Оба, не понимая, смотрели на него. Один старый, осунувшийся, в помятом пиджаке и в очках, другой молодой, красивый, тщательно выбритый, в яркой нейлоновой сорочке.

Лев Борисович ждал.

— Слушайте, что-то непонятно… Как это «что думаете»? Отдать материалы куда следует — и дело с концом, — сказал наконец Старицын.

«Так и есть», — отметил про себя Гец.

Сыпчук, пожав плечами, посмотрел на Старицына, снял и начал протирать свои очки. Потом снова водрузил их на переносицу и воззрился на Геца.

— Я тоже так думаю… — медленно проговорил Лев Борисович. — Но…

Да, оба явно ничего не понимали.

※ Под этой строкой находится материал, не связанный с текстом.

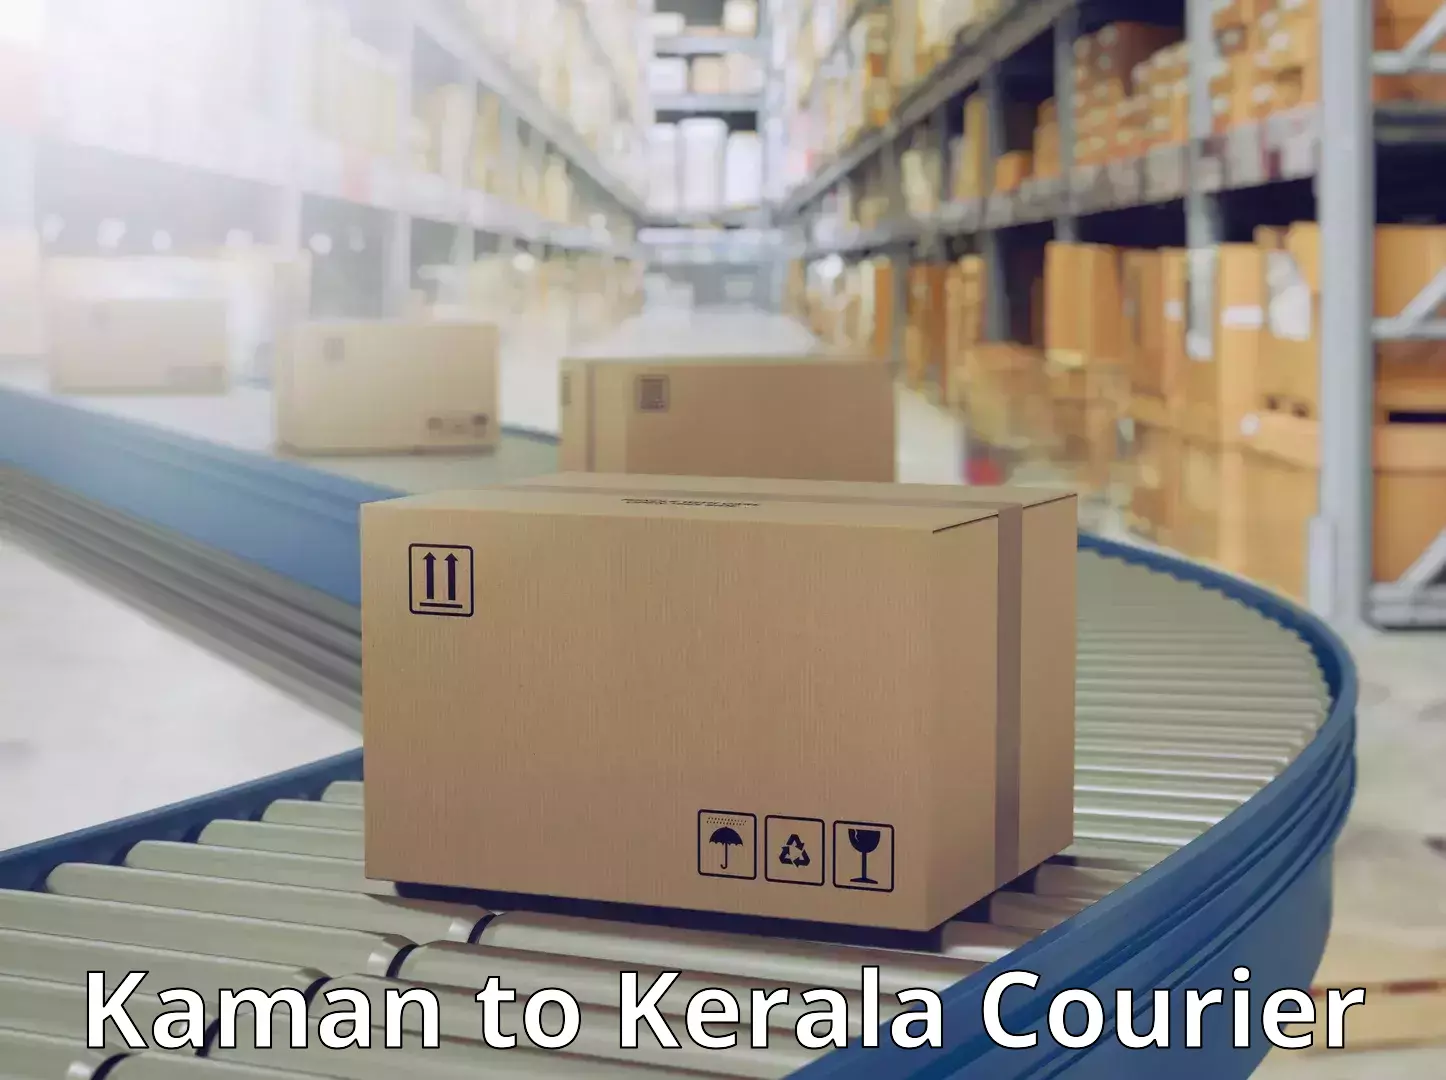 Urgent courier needs Kaman to IIT Palakkad

Он подождал.

Старицын вдруг покраснел и с ненавистью посмотрел на Геца.

— Вы что же, хотите… А? Что-то непонятно!..

— Ну-ну, — сказал Гец. — Давайте-давайте. Дальше.

— Слушайте, что-то я ничего не понимаю, — пробормотал Старицын. — Вы что же, хотите… В чем дело, Лев Борисович?

— А вы что думаете, Степан Евгеньевич? — обратился Гец к бухгалтеру.

— Я? Гм… Ну, так… Я, что же… Так вы, собственно, о чем?

— Видите ли, товарищи, — начал Гец уже совсем просто, стряхнув с себя высокомерие, — дело в том, что есть мнение…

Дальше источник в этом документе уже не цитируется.